Sustainable Amazonian Landscapes
Together, Peru and Colombia house 23% of the Amazon rainforest. These are two countries that are aware of their importance as providers of ecosystem services at the local, national, regional, and global levels. In order to conserve and sustainably utilize the benefits provided by this ecosystem, we must design viable land use and management alternatives which can reduce pressure on the Amazon rainforest and serve as an adaptation and mitigation strategy in the face of climate change. |
The objective of the project is to provide both national environmental authorities and local agricultural producers of Colombia and Peru with scientifically based evidence which elevates their capacity to both adapt to climate change and mitigate its effects, while at the same time improving environmental services and socioeconomic benefits for the agricultural producers. |
The departments of Loreto in Peru and Caquetá in Colombia have been selected as the sites where the project “Sustainable Amazonian Landscapes” is currently building upon initiatives that Peru and Colombia have undertaken to reduce deforestation, improve carbon sequestration, and strengthen local and national capacity for climate change adaptation.
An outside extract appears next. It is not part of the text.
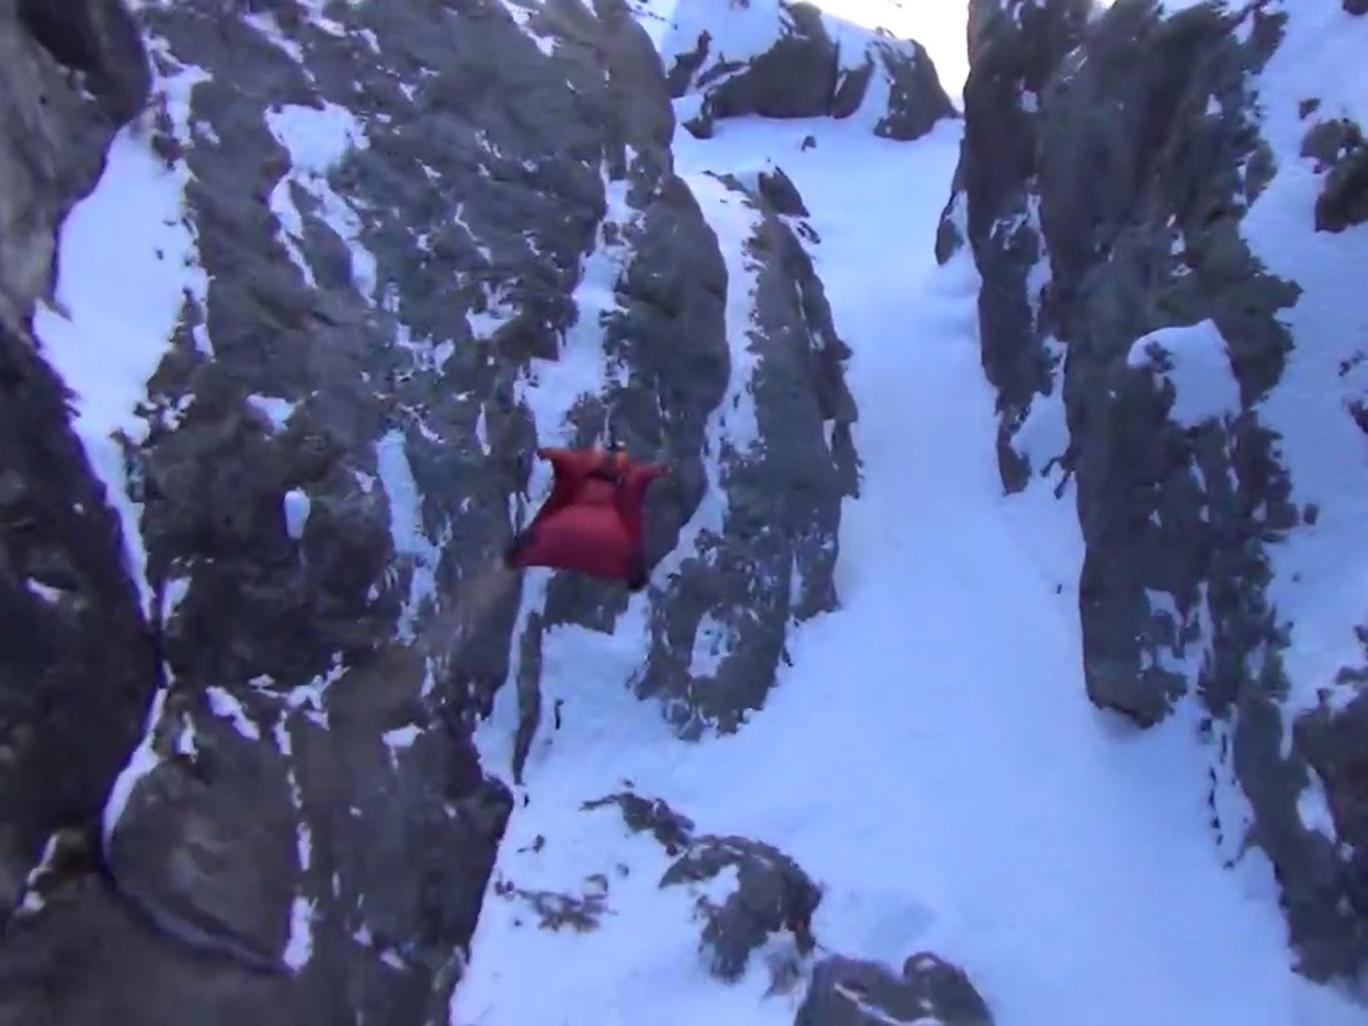 Late wingsuit pilot Brian Drake's final flight through the Alps

Making use of a landscape-based approach, the project aims to work together in a participatory manner with local rural communities, regional and national environmental authorities, and national and international research institutions, to design and validate agriculturally productive land use and management alternatives. Likewise, the project will also assess the potential role that these different alternatives could play within the various possible frameworks for development in the region, as well as their implications for national priorities in the face of climate change.
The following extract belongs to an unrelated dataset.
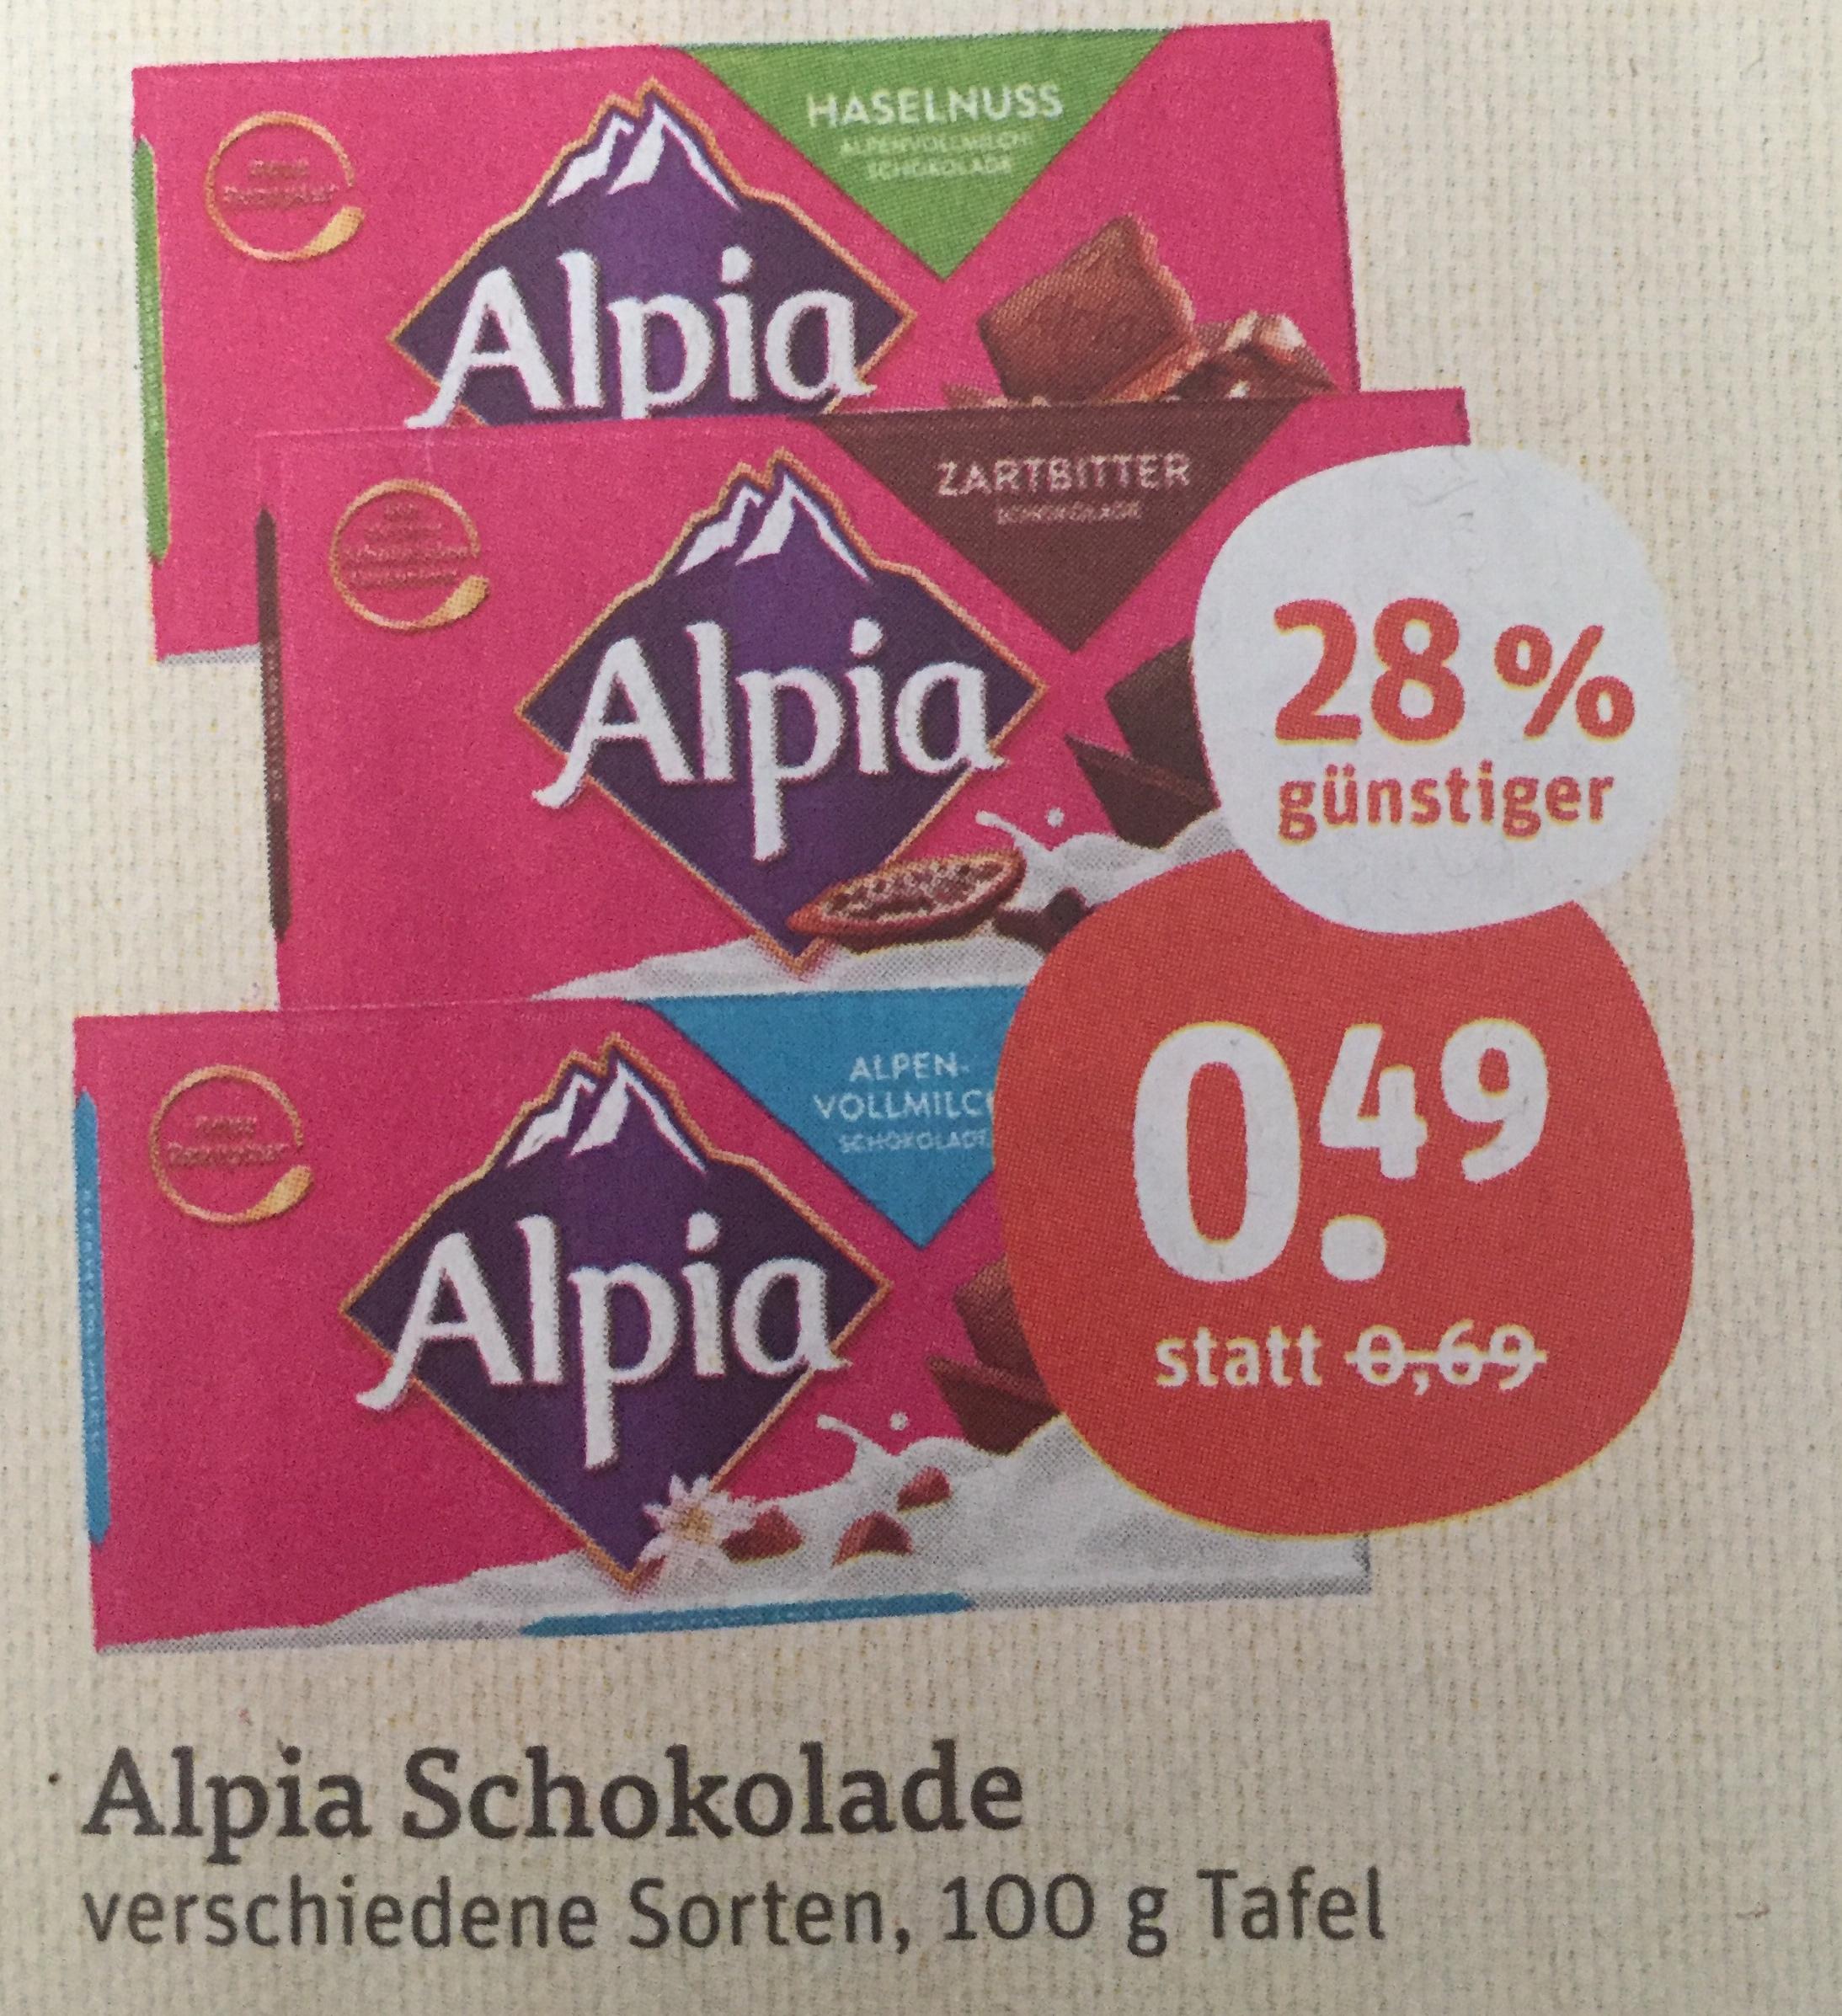 [tegut] Alpia Schokolade 100g Tafel 0,49 Euro

The International Center for Tropical Agriculture (CIAT) is leading the implementation of this project, in which partners Potsdam Institute for Climate Impact Research (PIK), Amazon Institute of Scientific Research (SINCHI), Centre for Research on Sustainable Agricultural Production (CIPAV), Peruvian Amazon Research Institute (IIAP), University of the Amazon (Colombia), and National Agrarian University – La Molina (Peru) are committed to developing six outputs that will improve climate change adaptation and mitigation capacities within Amazonian communities and ecosystems:
- Establishment of an environmental and socioeconomic baseline of the currently deforested landscapes in Loreto and Caquetá.
- Development of sustainability indicators to assess the current status of the study sites and determine the impact of land use or management alternatives.
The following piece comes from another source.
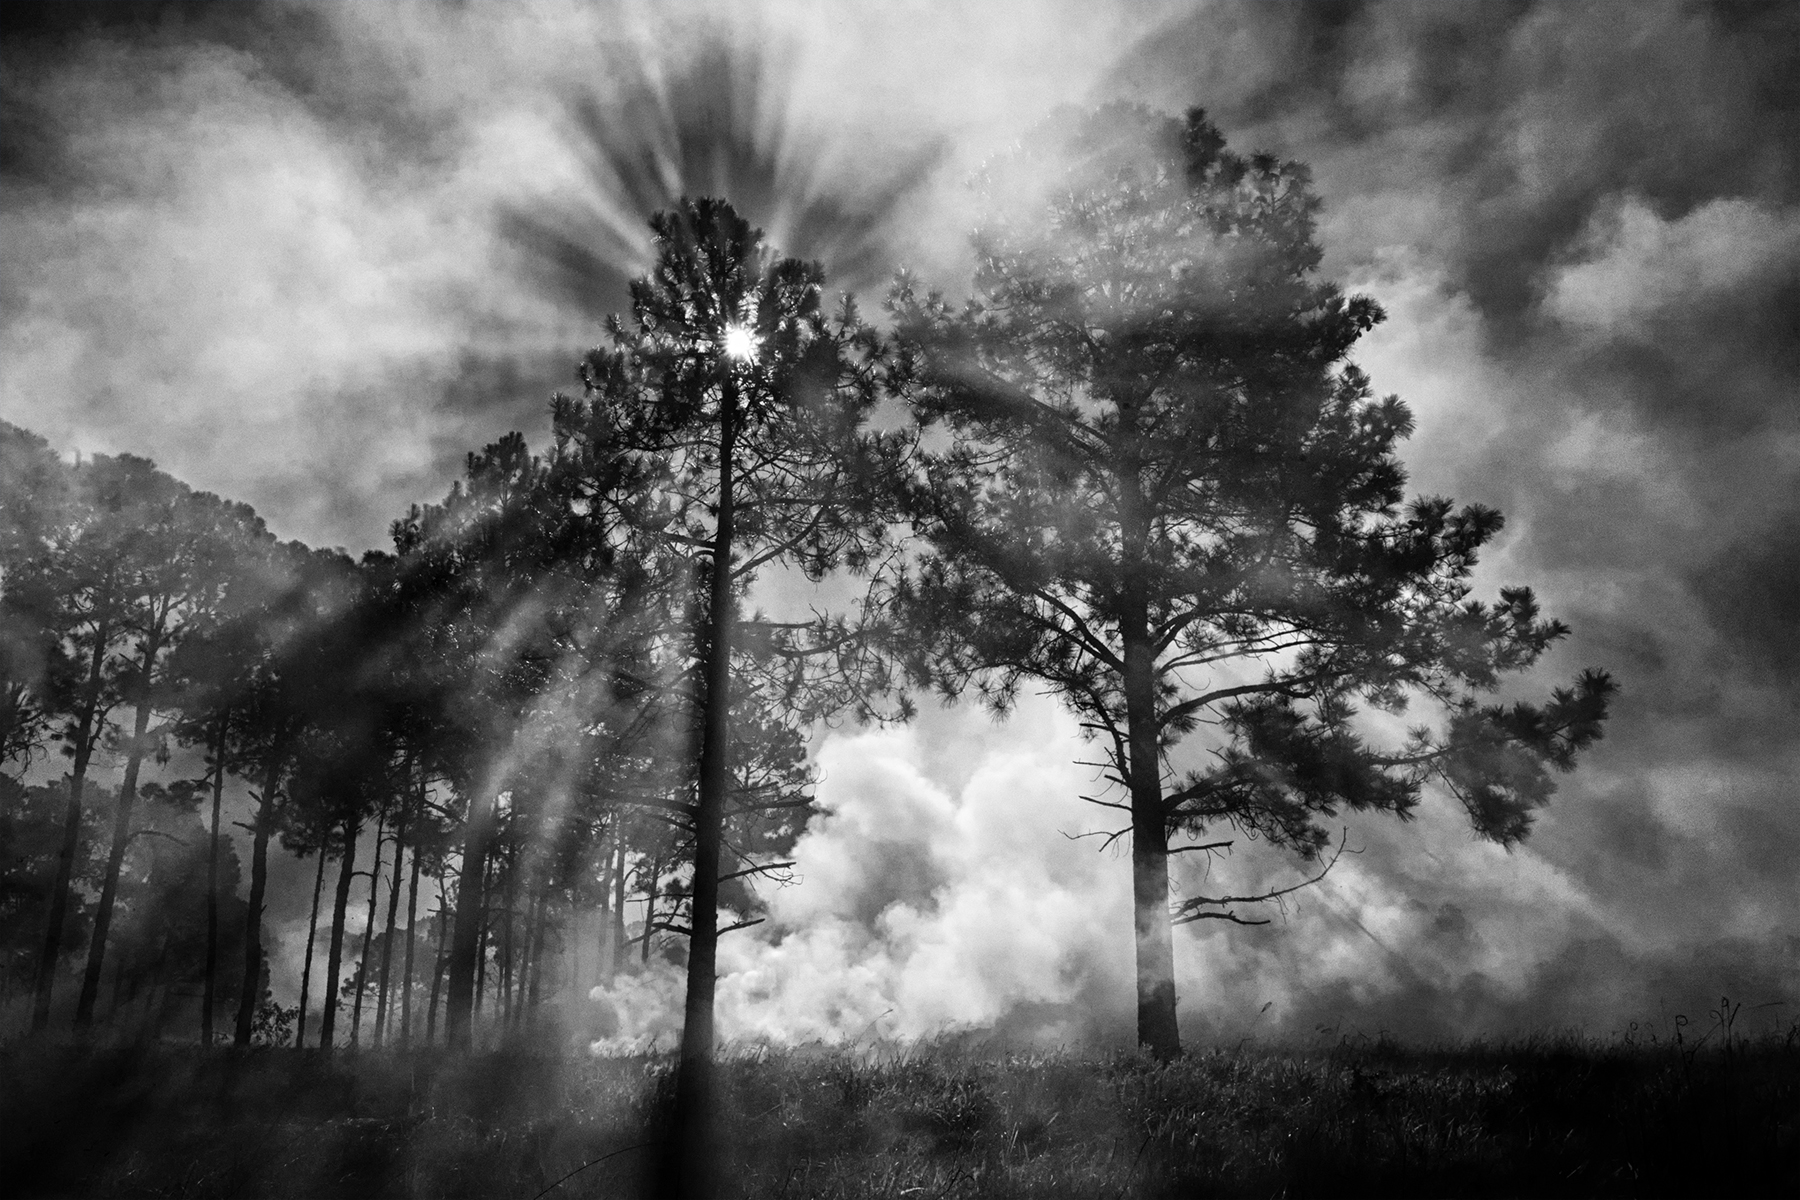 Breaking Through The Smoke

- Projection of potential impacts of climate change on crops, some key plant species, and hydrological ecosystem services.
- Participatory design and cost-effectiveness analysis of the sustainable land-use alternatives best suited to the climate change adaptation needs of the study sites.
- Identification and analysis of transition pathways towards sustainable development, as well as the effects of these pathways on the implementation of sustainable land use alternatives within climate change adaptation and mitigation schemes.
- Local validation of tools designed to monitor land cover changes, as well as capacity building in Peru on interpreting the detection of these changes. Validation and discussion, together with relevant national and subnational entities, of the project’s approaches, outcomes, and recommendations.
These outputs will allow us to obtain science-based information to aid with determining whether:
- Land use and management alternatives can contribute to climate change adaptation and mitigation.
- A landscape-based approach can reconcile agricultural activities with forest conservation.
- Sustainability can be assessed through indicators based on scientific evidence and local perceptions; and whether this, in turn, will facilitate dialogue with policy makers.